To reach this end, the film makes liberal use of stereotypes, from Kyle’s slacker older brother Larry (Matthew Lillard), still living over their parents’ garage, to the bad girlfriend who’s left Matty available, to Des’ ostensibly strict mom (the always excellent and always underused Tyra Ferrell, Doughboy and Ricky’s mom in Boyz N the Hood), who insists that he go to college instead of turning pro. She’s the only adult figure who might be termed “positive,” though she’s also one of the precious few with more than one or two lines to speak. But her interest in her son’s experience seems late; somehow, she’s missed that he hasn’t done his high school class work for four years.

Amid all this formula-mongering, Roy is a little bit of something else. That’s not to say he doesn’t subscribe to stereotypes: he’s a video-gamey geek and wannabe designer, a math whiz who’s lost his mother and is now awkwardly lusty around girls. Calling himself the “Ghost” (“Because I hear things and see things and nobody hears or sees me”), Roy smokes dope incessantly and underachieves on purpose. Smart and smart-mouthed, he’s disposed to heady philosophizing (the SAT isn’t difficult, he asserts, because “These questions all have answers”), and egregious splats of physical humor (falling out of trees).

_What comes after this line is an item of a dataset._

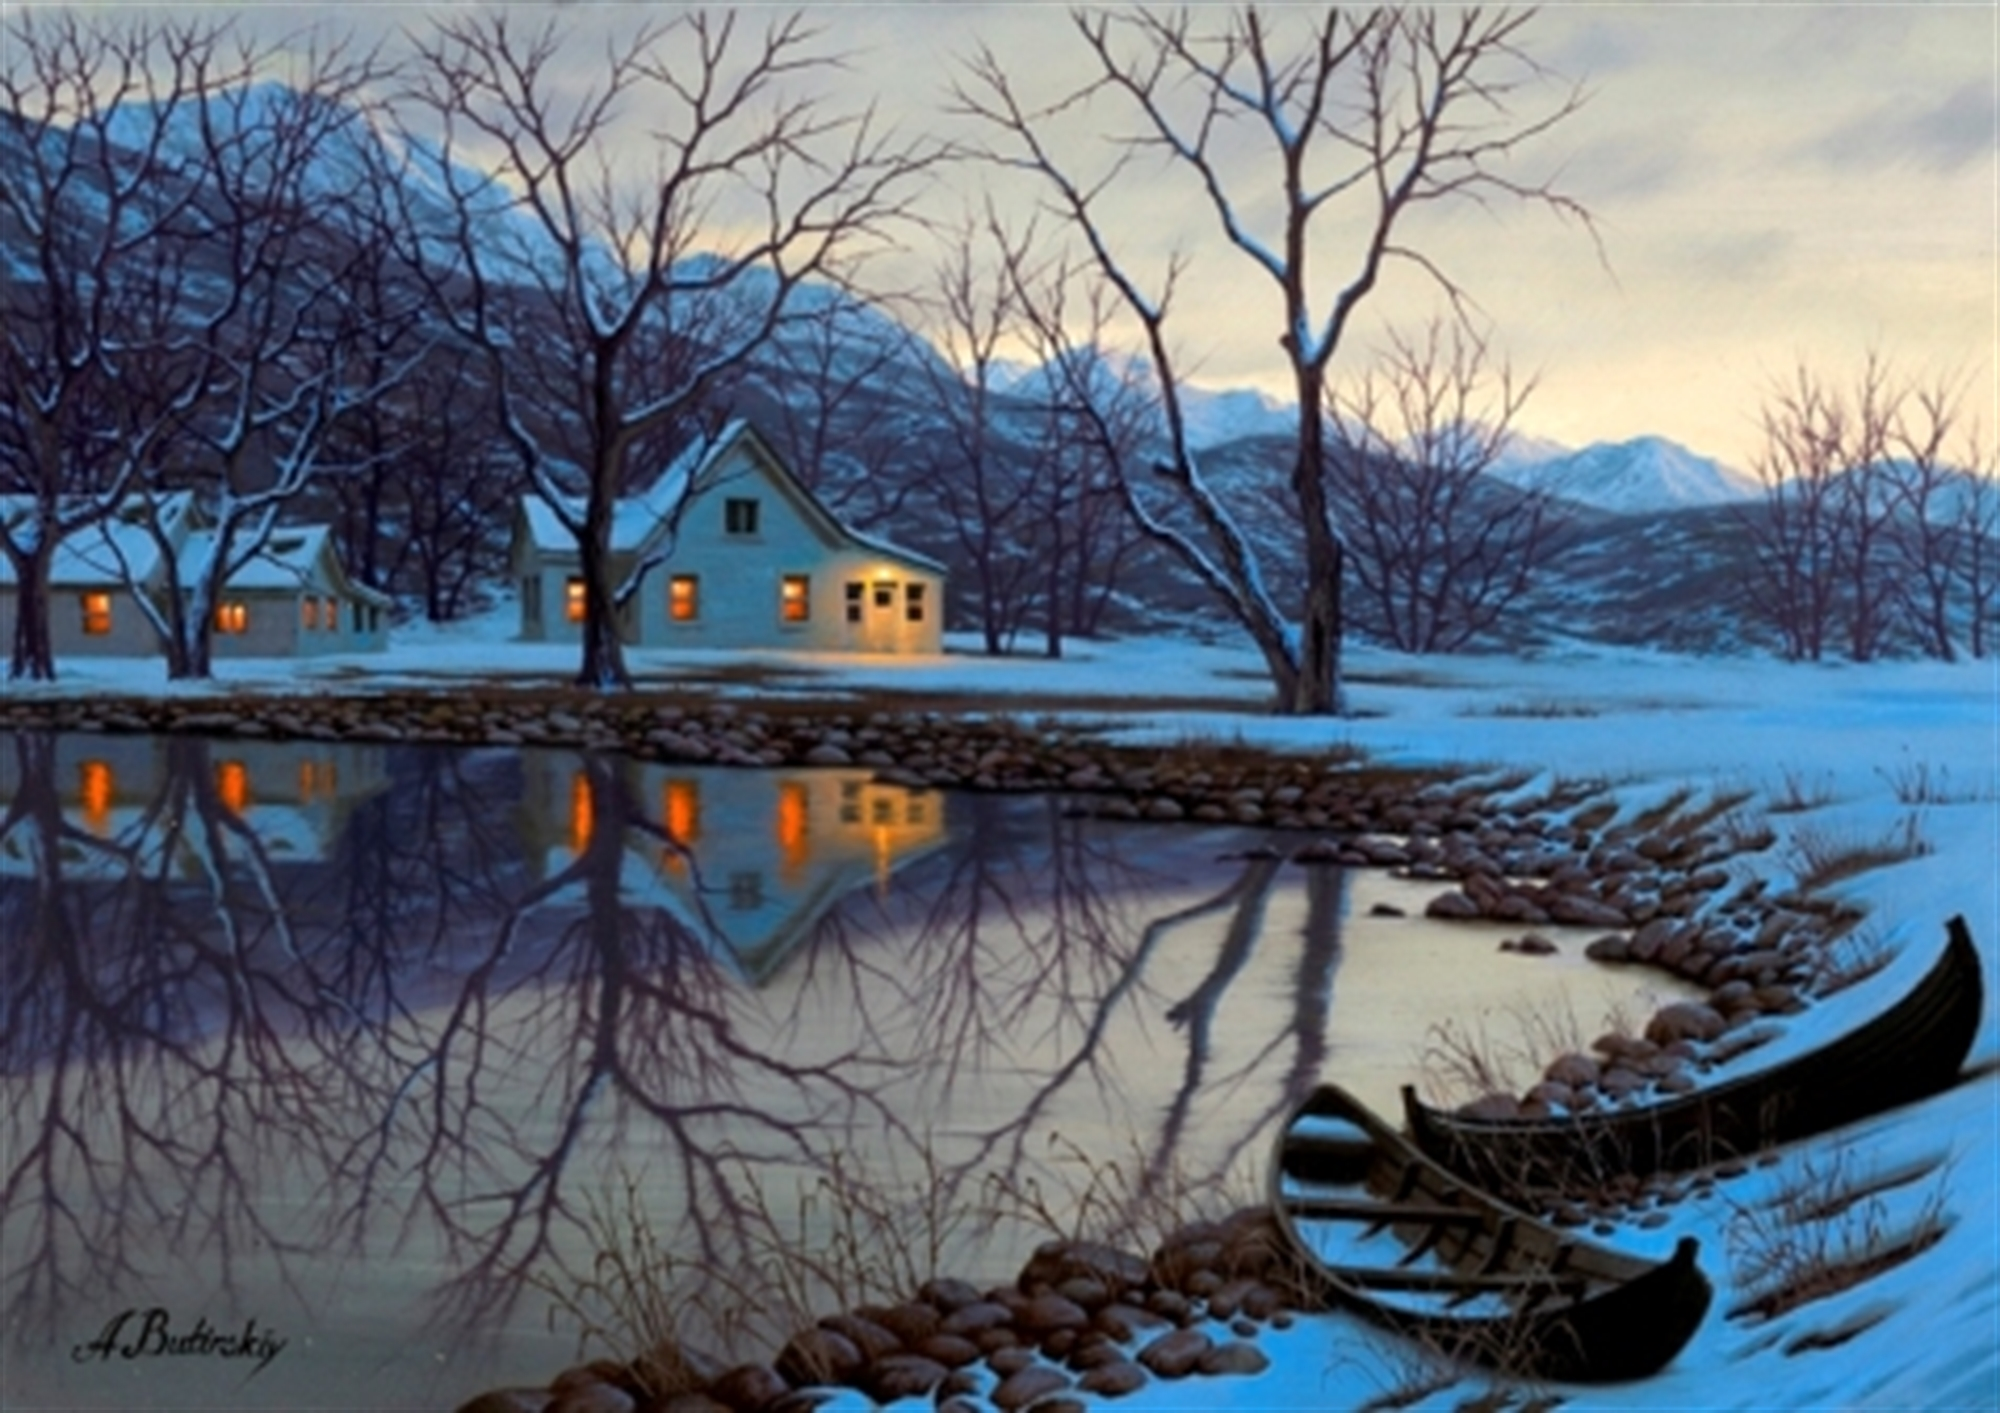 The Lake House by Alexei Butirskiy
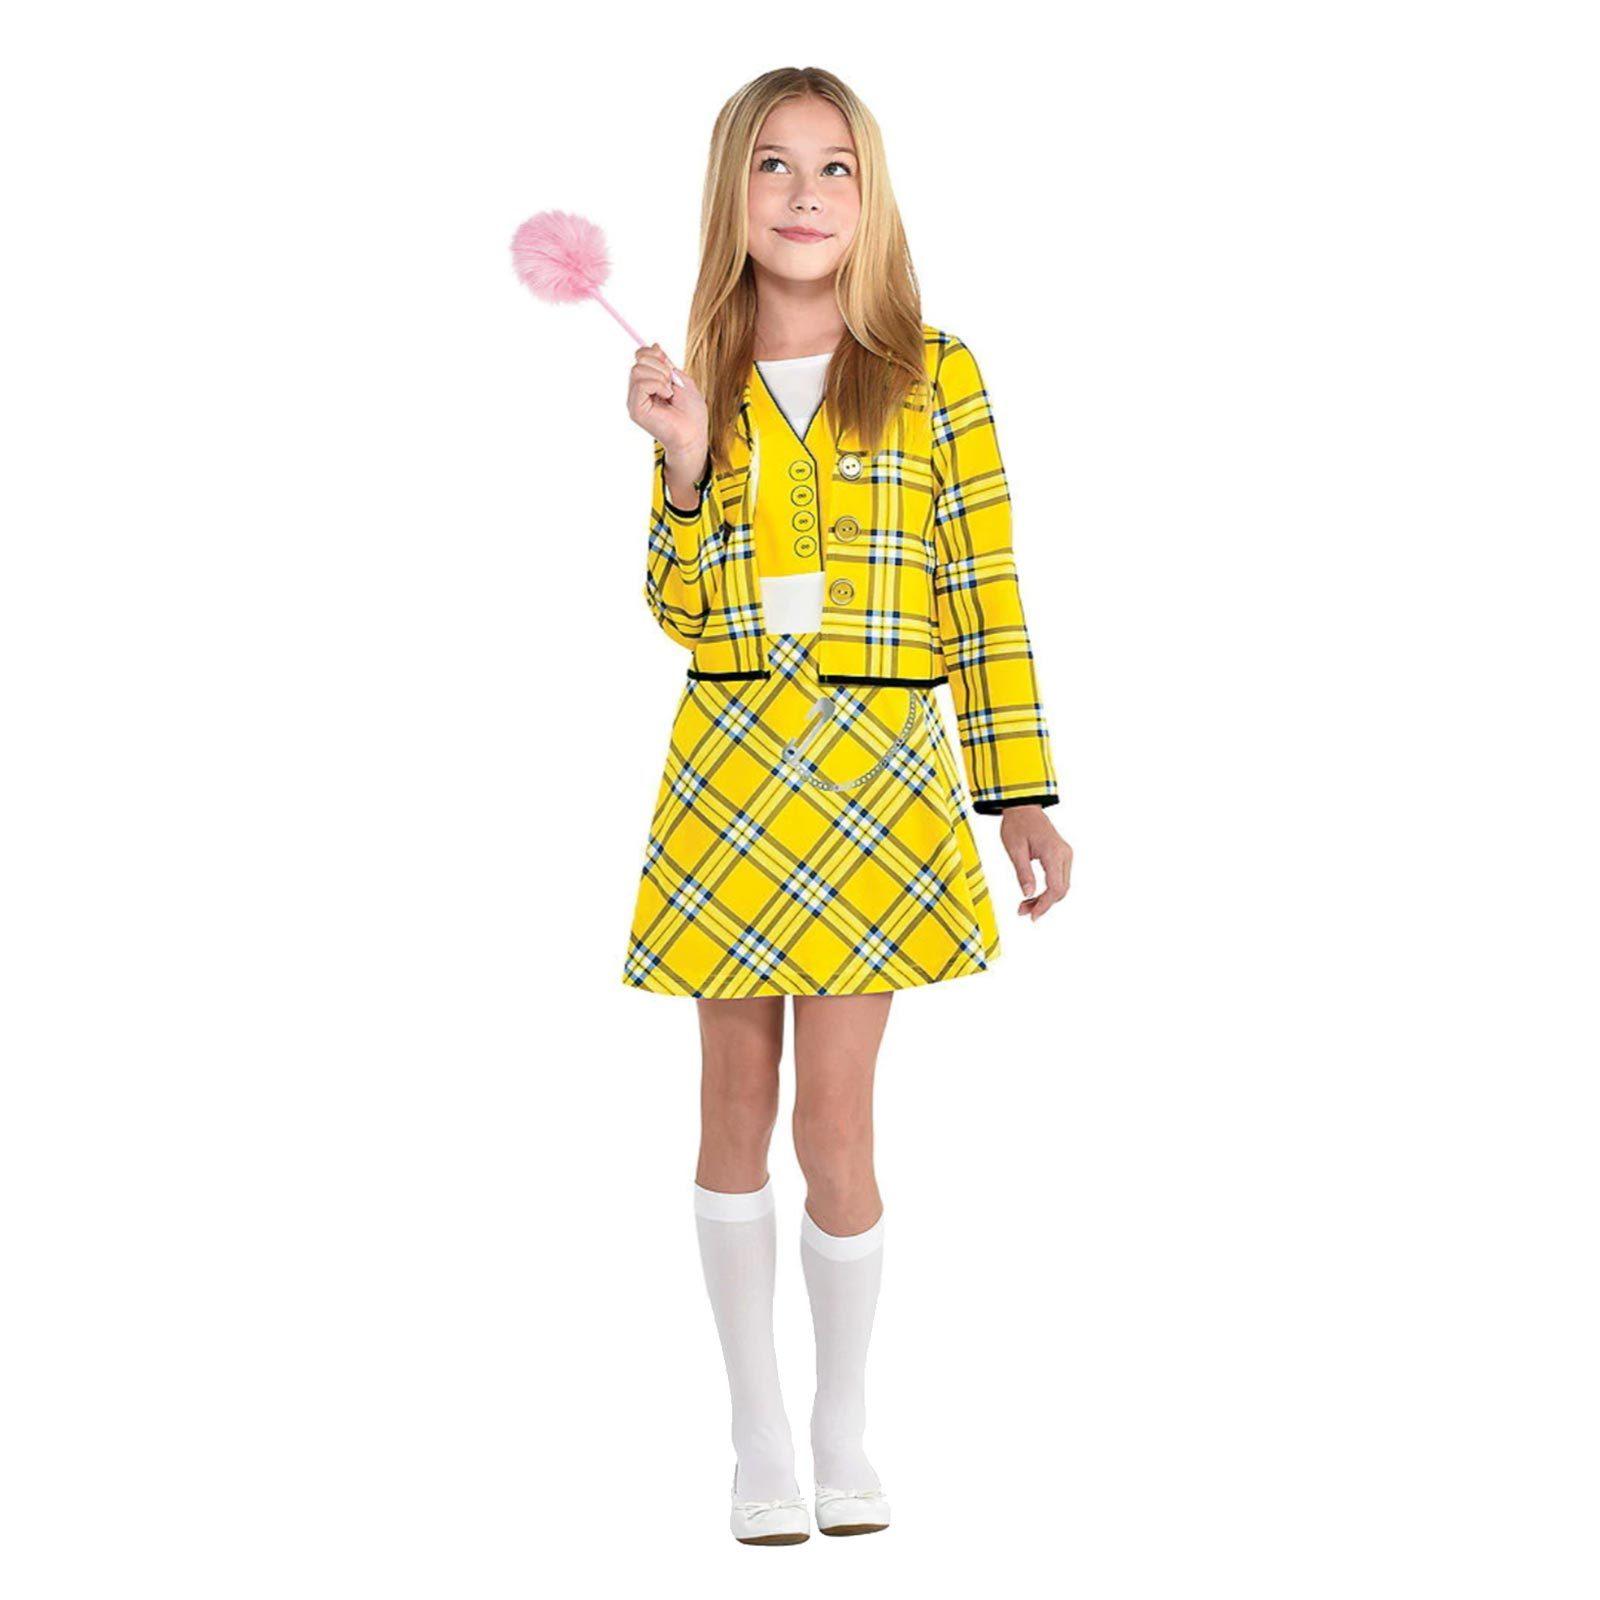 Cher Halloween costume

Like most high school outsiders, the Ghost brings perspective to the rituals his fellow students take so seriously. As the film’s mostly cynical narrator, he remarks their evolving relationships (from a distance) and, when asked about his fondest dreams, imagines an alternate universe where he’s a superhero, part man, part reptile. If only The Perfect Score, so pedestrian and predictable, had spent some time in that universe.